Write out the lines below once more, exactly as they appear. Do not include pictures.

*** Opening Given data ***

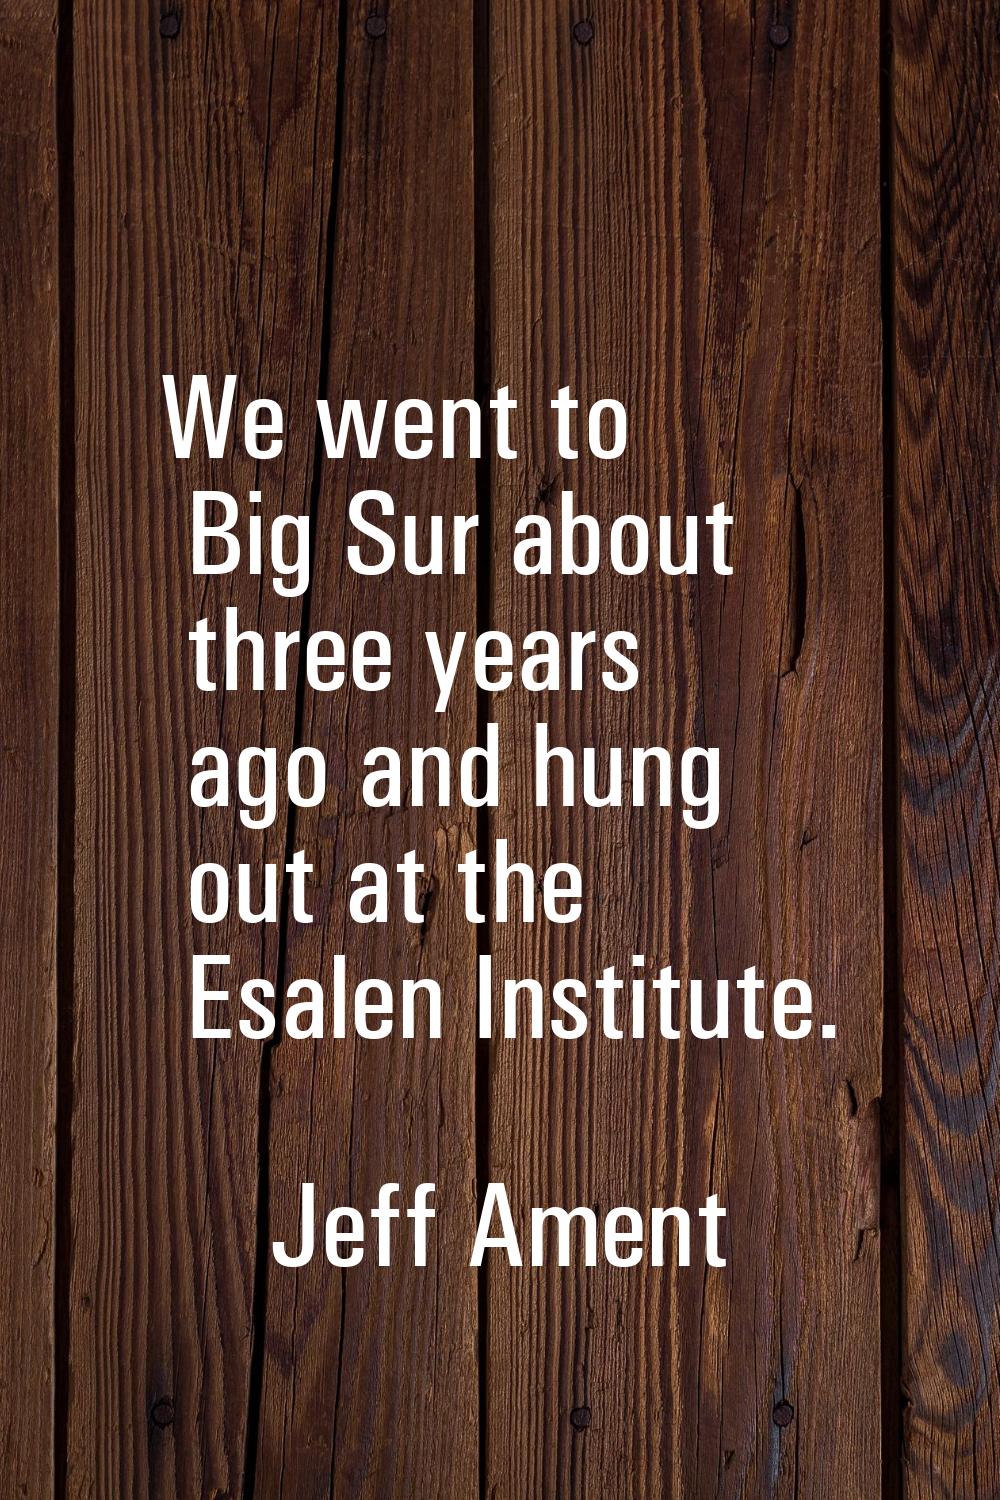 We went to Big Sur about three years ago and hung out at the Esalen Institute.
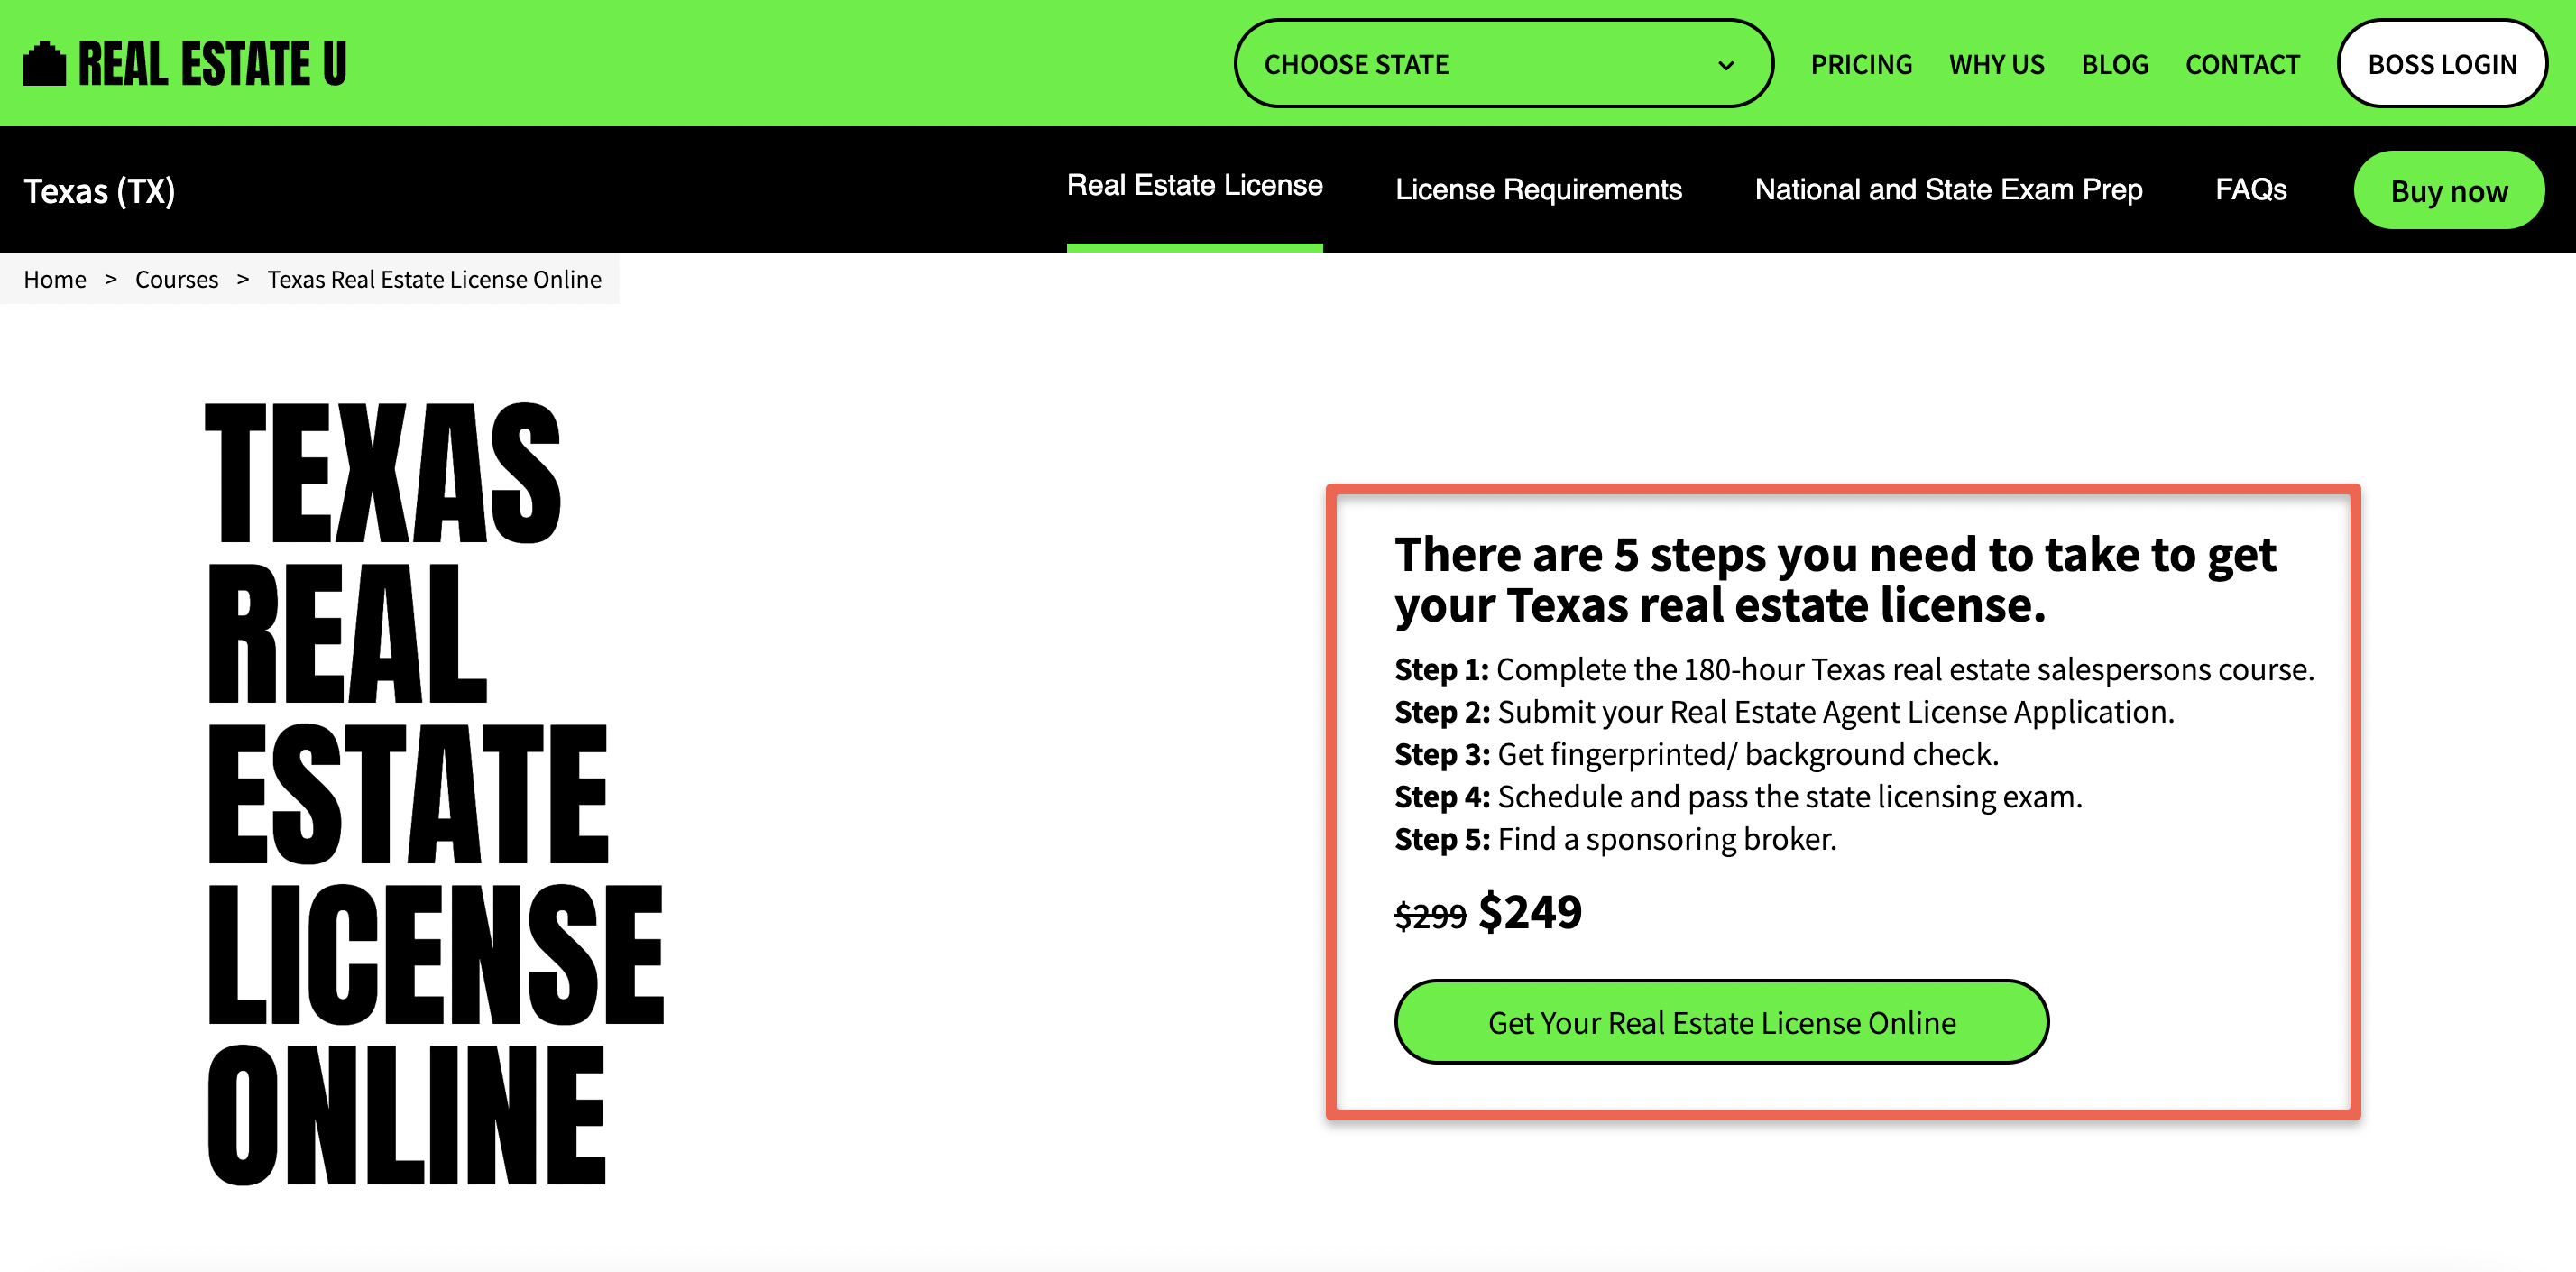 Affordable option for the Texas Real Estate License Online course from RealEstateU.
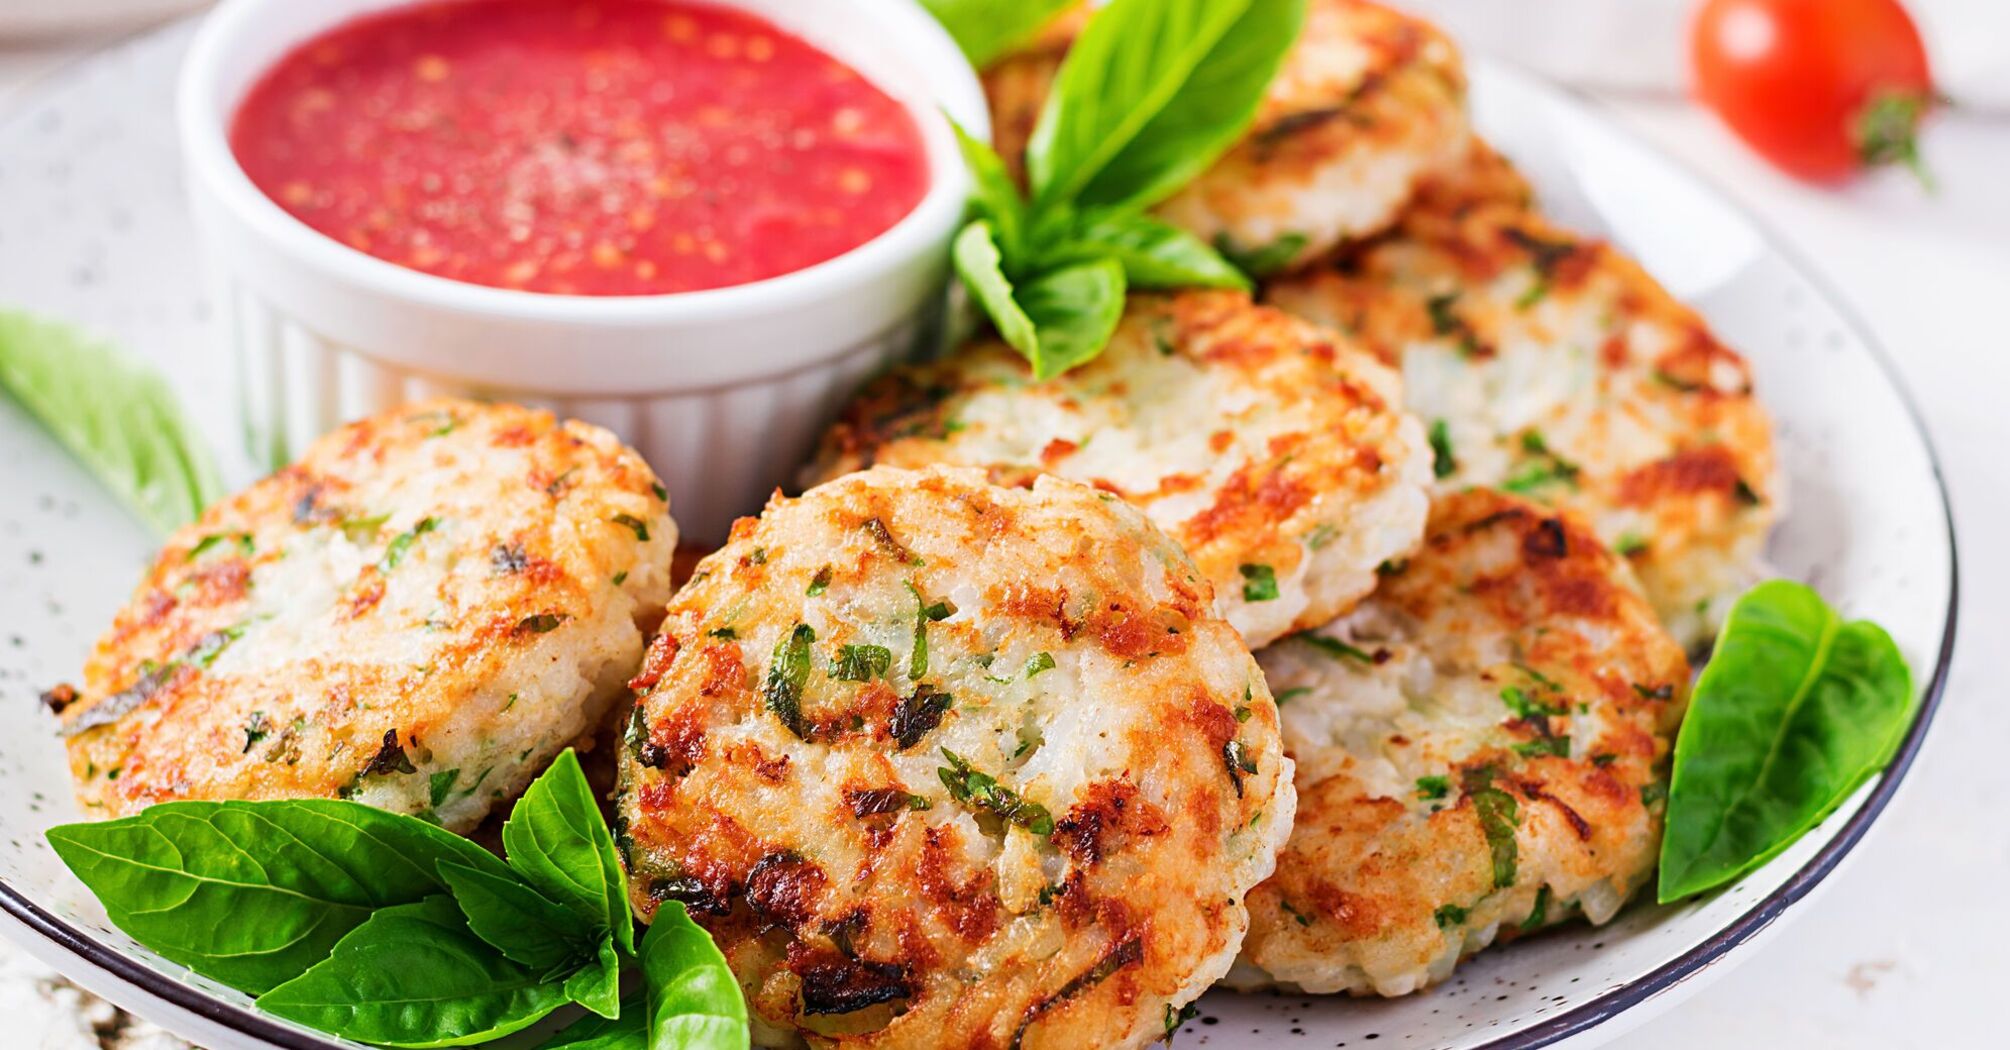 Will not fall apart: juicy chopped chicken cutlets with vegetables

*** Closing Given data ***

- Response for this exercise:
 We went to Big Sur about three years ago and hung out at the Esalen Institute.
 Affordable option for the Texas Real Estate License Online course from RealEstateU.
 Will not fall apart: juicy chopped chicken cutlets with vegetables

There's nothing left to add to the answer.